Ouija Board Expert Warns: Don't Summon Evil Spirits

When using an Ouija board to communicate with spirits, one should be very careful not to unleash the forces of evil, an expert warned Coast to Coast AM host George Noory.

On C2C, psychotherapist and author Karen Dahlman said it's a bad idea to inquire if there are evil spirits present when trying to make contact with the other world.

Over Halloween weekend 2015, a much publicized TV special aired on Destination America which attempted to conduct a live "on the air" exorcism. The exorcism was intended to clear a house in St. Louis which was reputedly the inspiration for the book and movie "The Exorcist".

During the live broadcast, the paranormal investigators initially communicated with spirits using an Ouija board. As they first moved the planchette across the board, they were met with friendly answers.
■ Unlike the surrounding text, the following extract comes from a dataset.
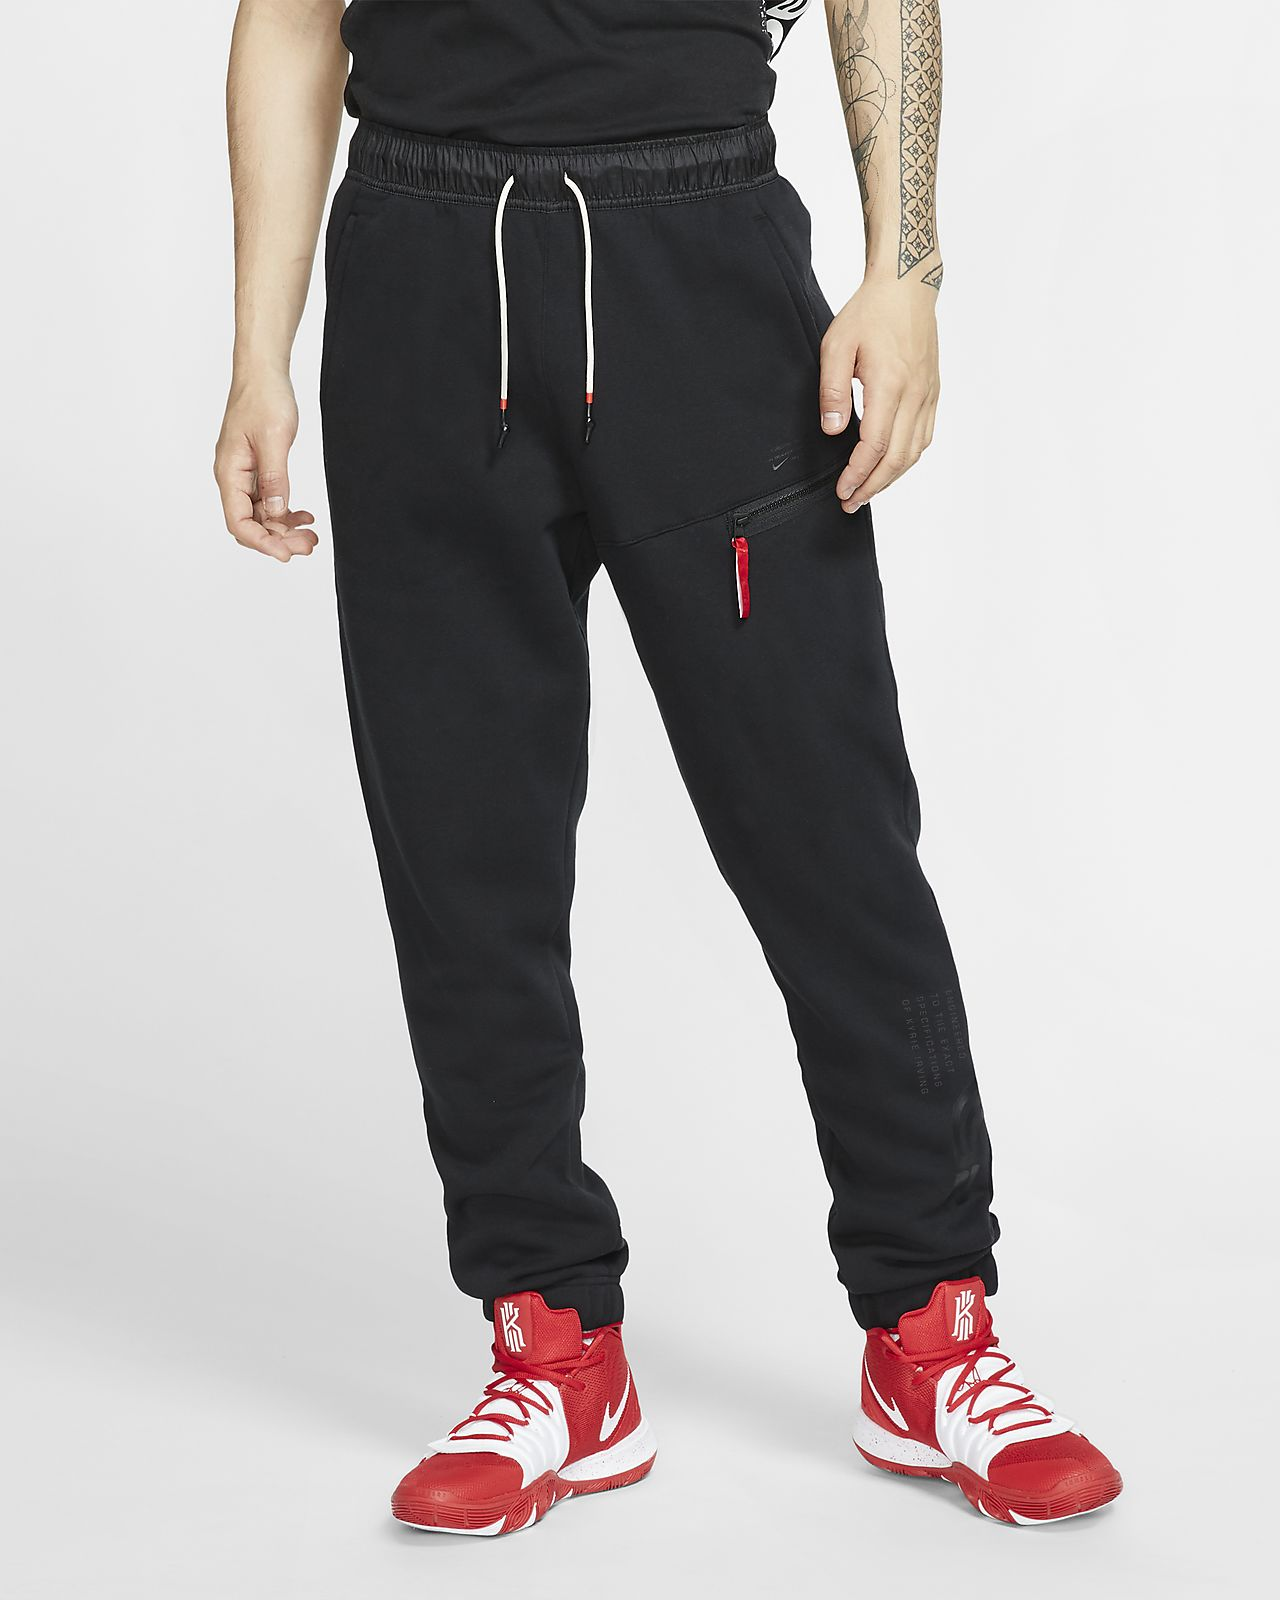 Pantaloni da basket in fleece Kyrie Uomo. Nike IT

But when the investigators asked outright if there were still evil spirits in the house, the planchette appeared out of control, saying "Yes…Yes!" They quickly decided to break contact, removing their fingers from the planchette and then ran out of the room.

Dahlman explained, "They did what they came to do or were asked to do in trying to conjure back up what happened in that house many years before to that young boy – the true 'Exorcist' story."

And she didn't believe it was a wise decision to ask if there was evil present.

"Anything on the board, especially if you don't have a connection yet made with the Other Side or with the spirits, can trick you – cause havoc, be mischievous," she told George.

"You're opening up some things you may not want to be opening up."

Citing her own experiences with the Ouija board, Dahlman suggested users seek out good spirits and not engage with negative ones.

She said that the TV show exorcism was deliberate in its search for malevolence.

When working with the board, "I ask for my 'highest good'. I ask for that which is going to come forth and be nothing but kind, and benevolent," Dahlman said.